TSI is aware that across the UK there are numerous examples illustrating the problem of utility companies ignoring the wishes of consumers who display deterrence signs in their property. One energy company has justified its actions by reiterating the argument that ‘no cold calling signs’ are only meant to deter rogue traders, unfortunately this is the legal position. The Guidance that they provide to their sales reps encourages the reps to approach households even when deterrence signs are displayed, albeit cautiously!

Where is the householder’s protection in law against such interference?  Article 17 of the United Nations Covenant on Civil and Political Rights establishes that ‘no one shall be subjected to arbitrary or unlawful interference with his privacy’. An unsolicited visit is not unlawful but it fits within the definition of ‘arbitrary’ and an unsolicited visit where a ‘no cold calling’ sign in a window is ignored would fit within the definition of ‘interference’.

The arguments

The UCPD addresses misleading and aggressive sales practices – one of the drawbacks of trying to enforce this in relation to the doorstep sale of energy, is determining that the sales pitch and actions of the sales rep were misleading/ aggressive and gathering the evidence to substantiate this.

Proof that high pressure selling remains widespread is evident in Ofgem’s Energy Probe that found 52% of those switching as a result of a doorstep sale, switched to a higher tariff.

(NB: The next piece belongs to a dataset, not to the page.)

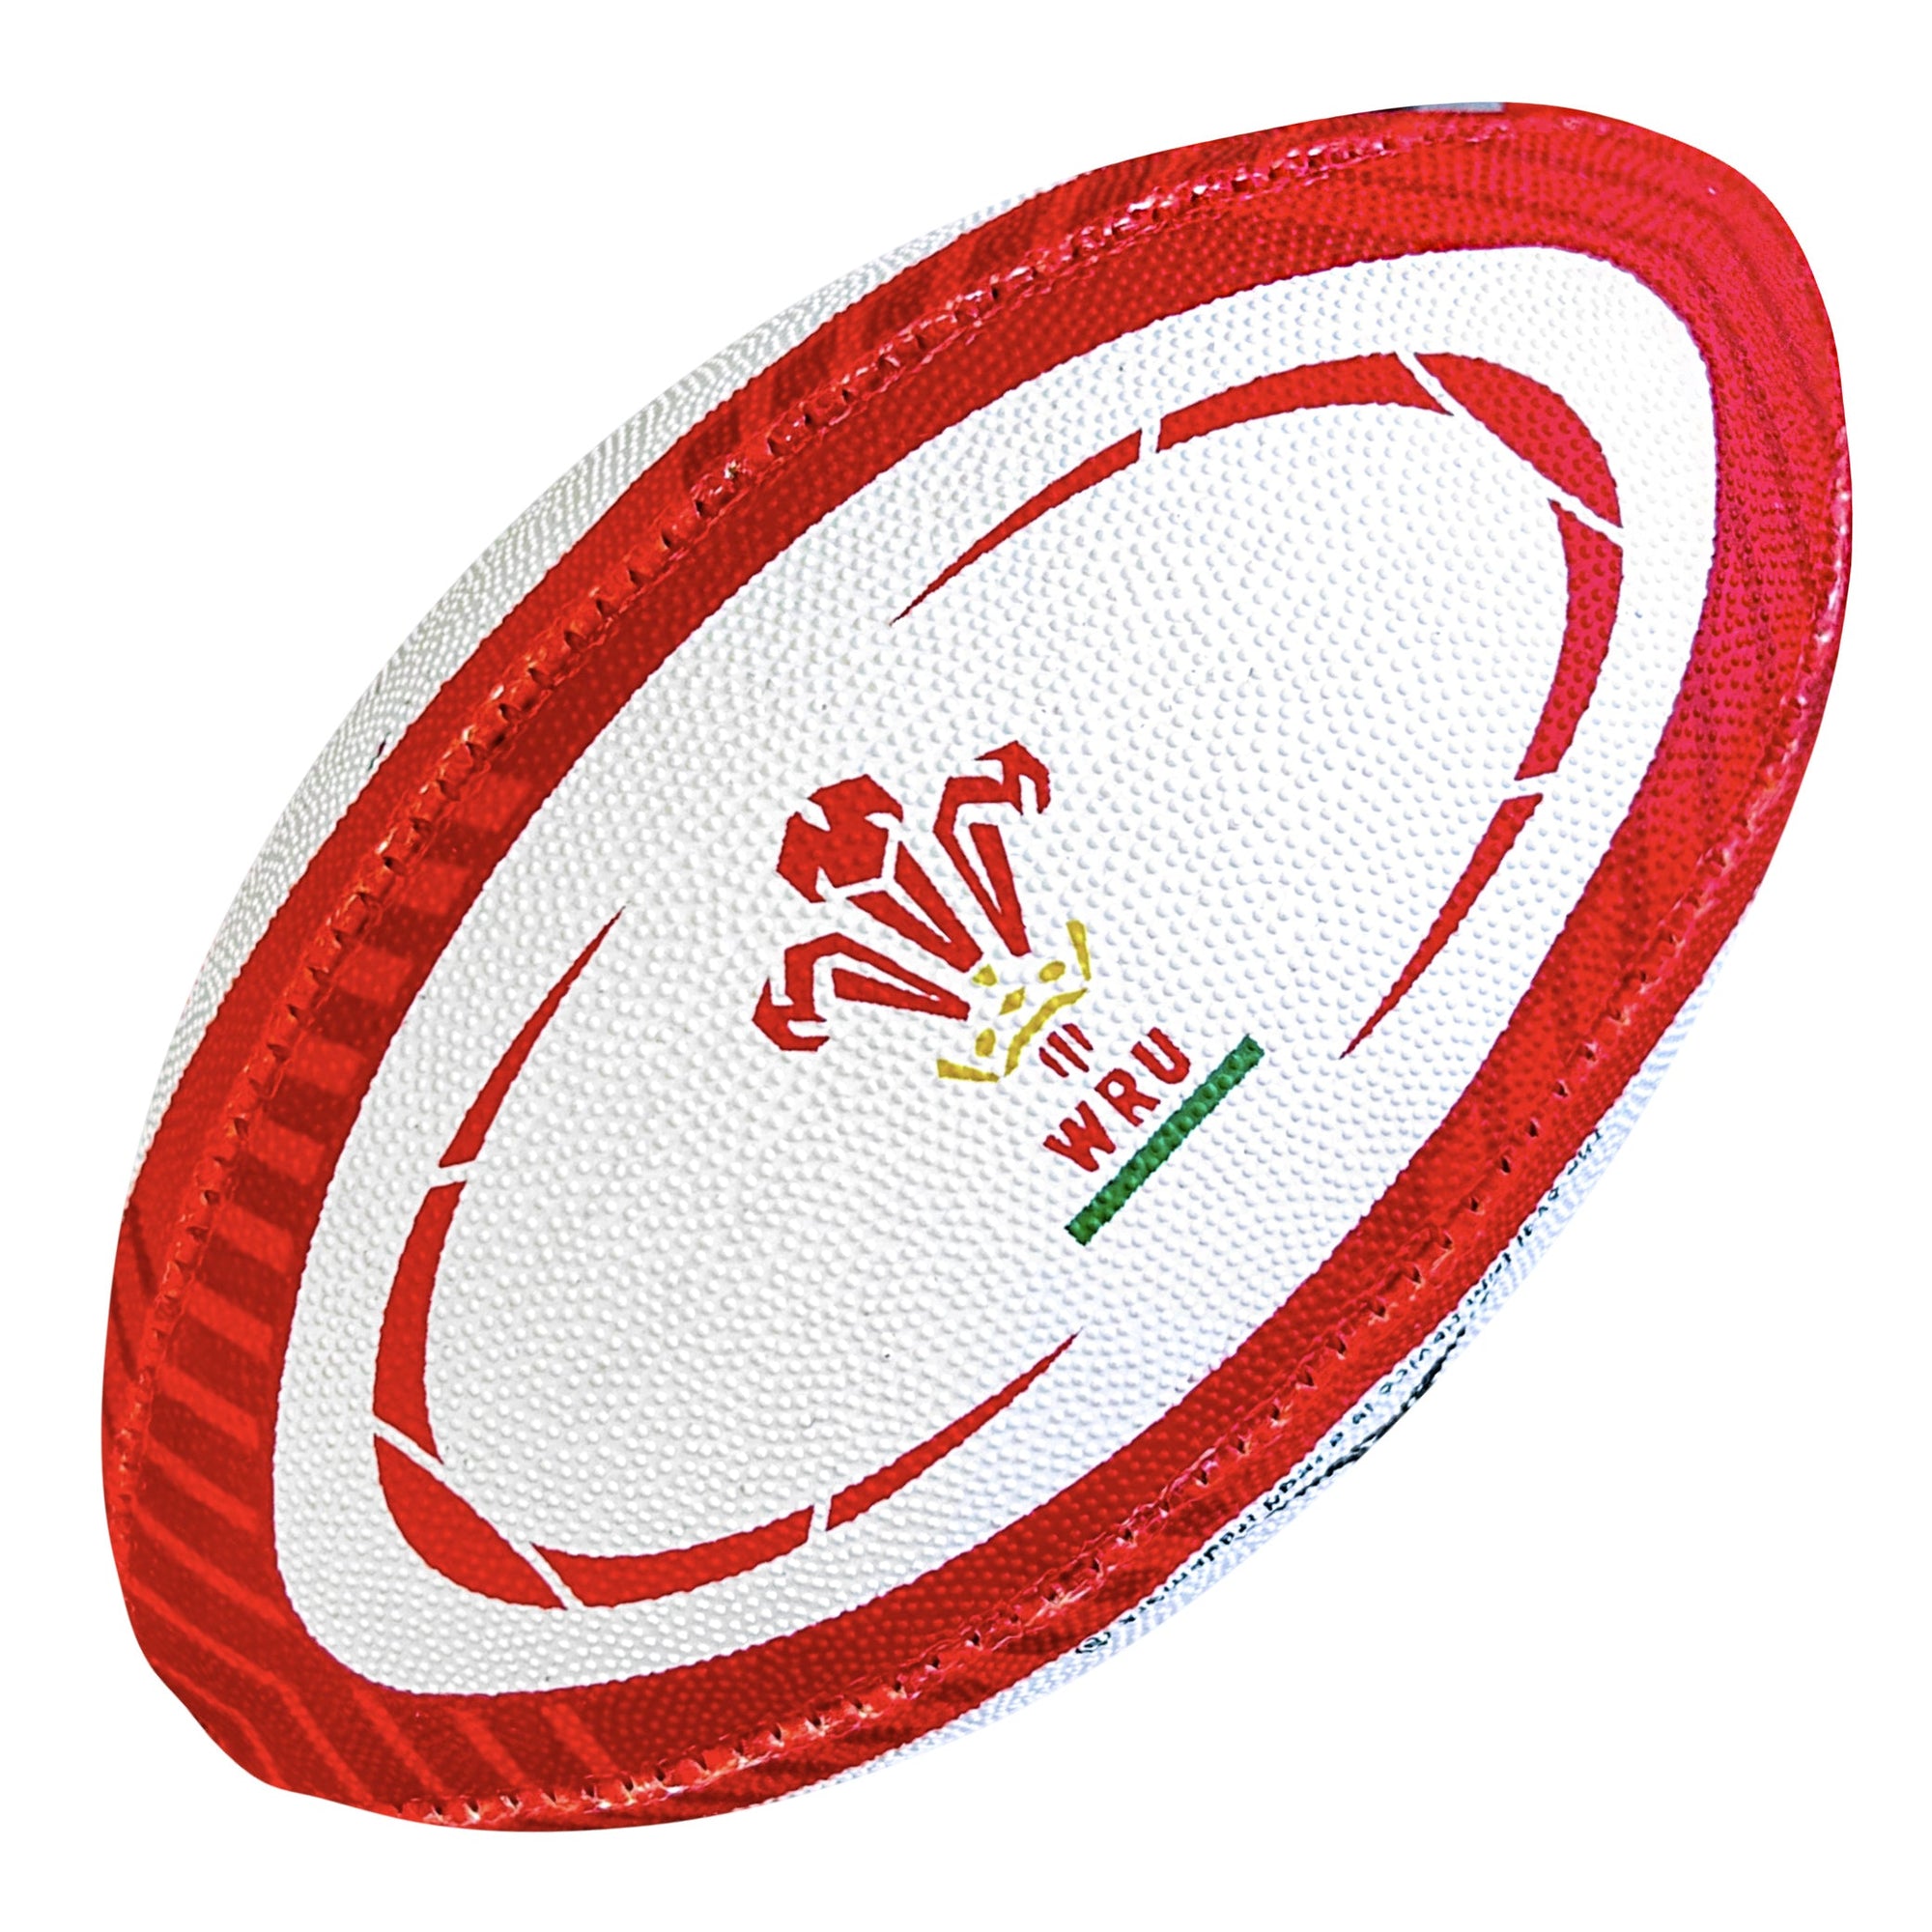 Rugby Imports Gilbert Wales Replica Mini Rugby Ball
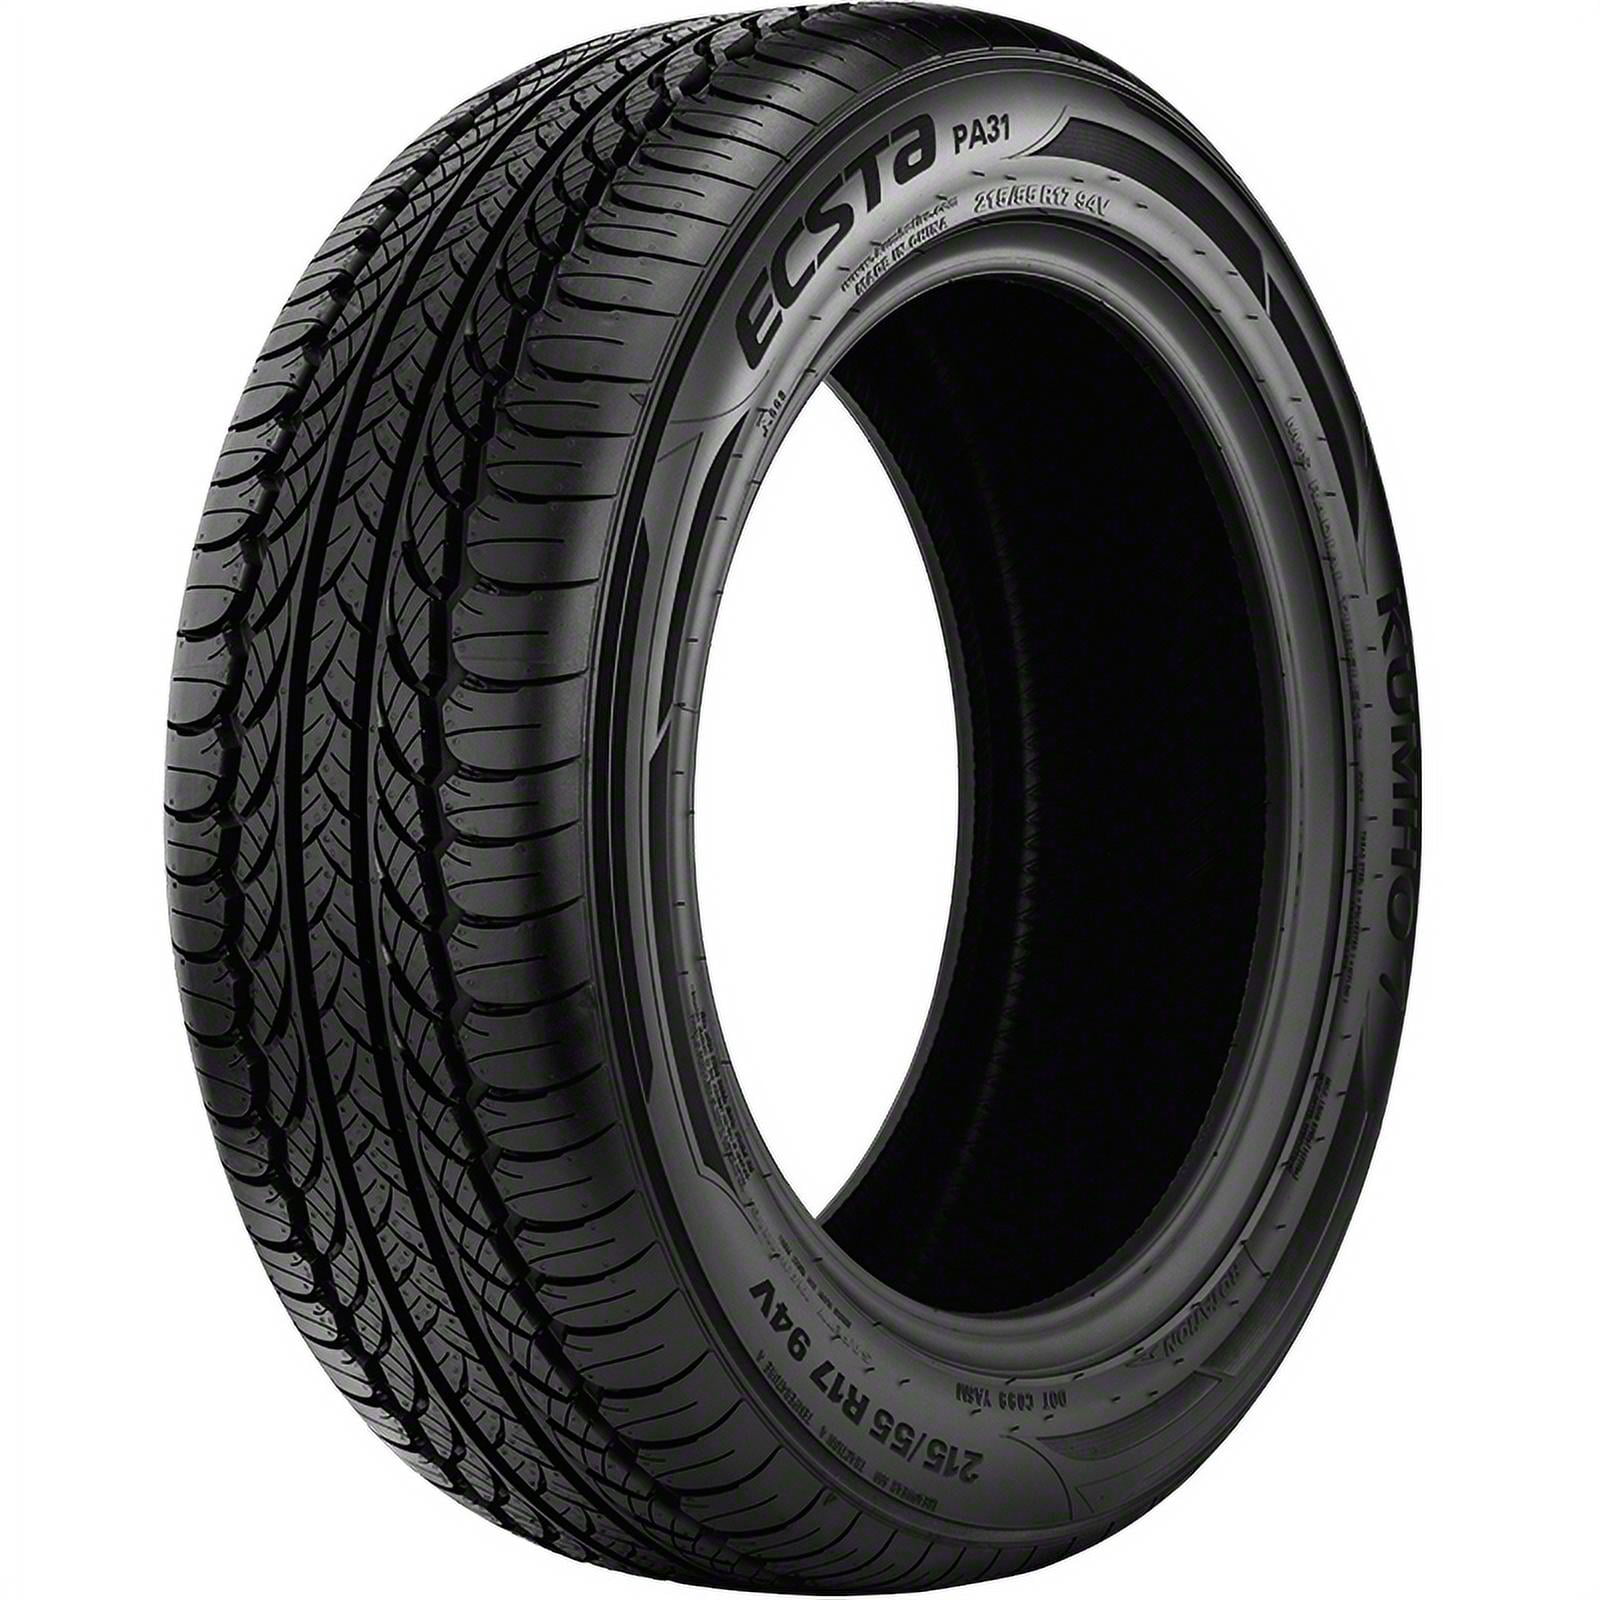 1x NEW 195/60r16c Van Sunwide Budget Tyre One 195 60 16 Commercial Tyres x1

Best practice has been established by  Ofgem and the Energy Retail Association; Ofgem’s Standard Licence Conditions require energy companies to follow specific marketing guidelines and ERA’s EnergySure Code ensures companies provide appropriate training to sales staff and the EnergySure database records where sales personnel break the rules. 

But how effective are these schemes when the purpose of employing sales staff is to increase sales of energy; sales staff are motivated by commission and fundamentally this compromises the wellbeing of the consumer. If this were not the case why did Ofgem have to insist on the adoption of new complaint standards earlier this year and consequently administer a fine when these were not being seriously implemented by one of the big six energy retailers?

Our Aim: To achieve a ban of energy doorstep selling via change of practice.

We appreciate that the practice of face-to face selling/opportunity is legitimate and provides for those in society who do not have access to internet and other market opportunities, to be included. The possibility of using predisposed social networks to provide this choice to consumers is a means through which we would encourage the practice of direct marketing for the future.

What we are doing

Our call for a ban on energy doorstep selling received good media response during conference 2009.

The issue was debated during the plenary session ‘Do you feel safe in your community’ where the Energy Retail Association, Ofgem and Age Concern Help the Aged participated in discussions about the problem and explored potential remedies. It was concluded that social networking as a means of communicating with vulnerable consumers should be piloted.